Hon BILL ENGLISH: That question is typical of the nonsense we expect from Labour members, who think that getting forecasts fixes the problem. Well, it does not. We all know, and I will tell the member in case he does not know, that every unemployment forecast shows unemployment rising to around 7 percent in the next 18 months to 2 years. The Government is spending a lot more time on the measures that it needs to take to protect existing jobs and to replace those jobs that will be lost. It was typical of the Labour Government that it spent more time ordering forecasts so it could announce them than actually doing anything.

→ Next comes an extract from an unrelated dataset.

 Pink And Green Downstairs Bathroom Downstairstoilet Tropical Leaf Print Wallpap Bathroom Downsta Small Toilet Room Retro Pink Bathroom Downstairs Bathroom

The analysts at BERL, meanwhile, were tidying up their latest monthly newsletter in which they say the media and their financial-economist commentators become so hyped up with their expectations of doom that they prefer to overlook the facts as they come out.
Alas, it is BERL policy to share this stuff only with subscribers, which means it won’t be posted on their website for a month or so. But they say –
The facts coming through from the Household Labour Force Survey (HLFS) for the December 2008 quarter are that the state of the economy as measured by the HLFS has changed little in the last twelve months.

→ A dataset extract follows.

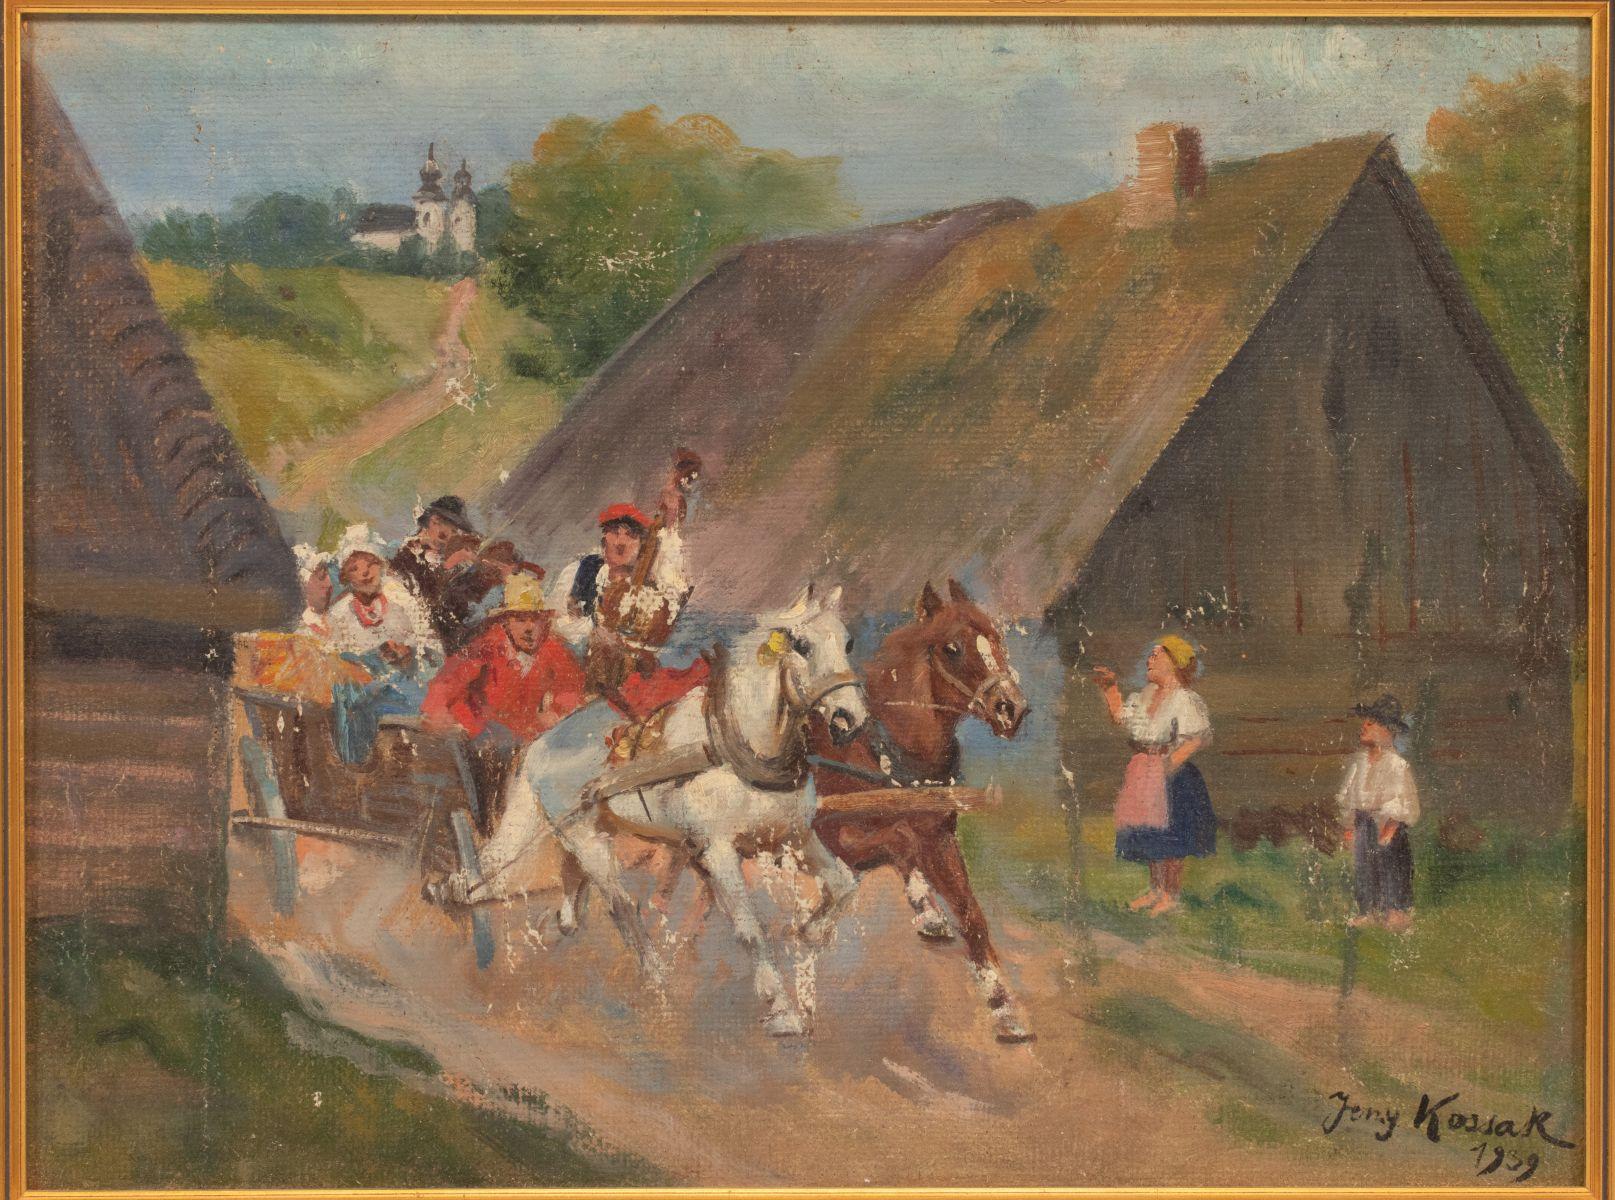 """Jerzy Kossak (1886-1955) """"Wesele krakowskie"""", źródło: DuMouchelles"""

Employment is still growing. For the year ended December 2008, employment grew by 18,500. This is close to the average for the last five quarters, a 20,500 increase per annum.
Further, the pattern of employment changes continue with no major ‘shocks’, either in the industry employment pattern, the occupation pattern, or in employers shifting from hiring full-time to part-time staff.

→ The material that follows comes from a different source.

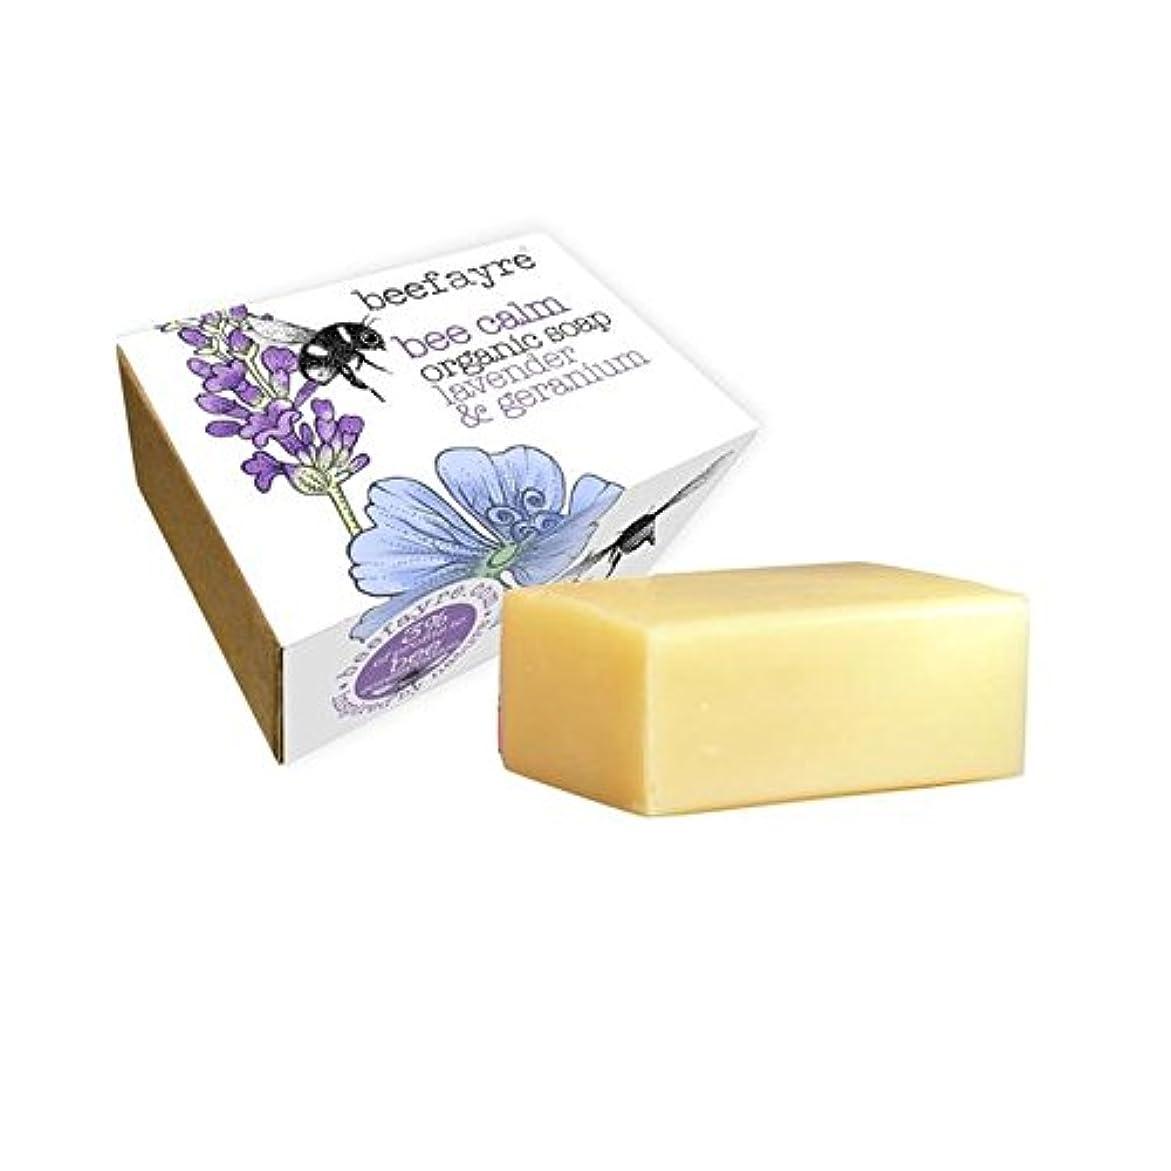 六月ベンチモートBeefayre Organic Geranium & Lavender Soap - 有機ゼラニウム&ラベンダー石鹸 [並行輸入品]

Industries continuing to reduce their employees include the primary sector, construction trade services, motor retailing, services to finance, and property services. No surprises there. Those continuing to increase their number of employees include business services, food retailing, sport and recreation, education and community services. There are no industries that have gone from significant employment growth to contraction in the last quarter.
BERL notes that occupations have also followed a pattern similar to the past year.
An occupation that is still growing strongly is finance and sales associate professionals, even though the industry – services to finance – has been declining. BERL wonders if other industries might be taking on these people in-house to strengthen their finances.
Other occupations experiencing growth include business professionals, teachers; and there is even some growth in restaurant and personal service workers. The declines continue for tradespeople, particularly building finishers, mechanics; and for salespersons and clerks.
The occupations that did go from growth to reasonably significant decrease in the quarter were general managers, and architects and engineers. The decline in building tradespeople and in architects and engineers is the process that would be reversed by a sound government-backed investment programme.
Part-time worker numbers increased by 19,300 in the past twelve months, while full-time workers decreased by 800. Some of the financial commentators said this shows employers were turning to casual staff who were ‘easier to let go if need be’. If this were the case, we would expect to see some industries reducing their full-time employees and increasing their part-timers. The facts are otherwise. The industries that increased their part-time employees significantly are those that also increased their full-time employees, namely food retailing, business services, sport and recreation, education and community services.
But the financial sector commentators focussed on the rise in unemployed, with headlines like “All bets off as jobless hit six-year high”.
The BERL team remembers those commentators spending the past six years responding to falling unemployment by egging-on RBNZ governor Alan Bollard to increase interest rates with phrases like “tight labour market” and “over-full employment”.
Given that these moves have, in part, instigated the recession we now face, they remind us, they find it ironic (to say the least) that these same commentators now view rising unemployment as a bad sign.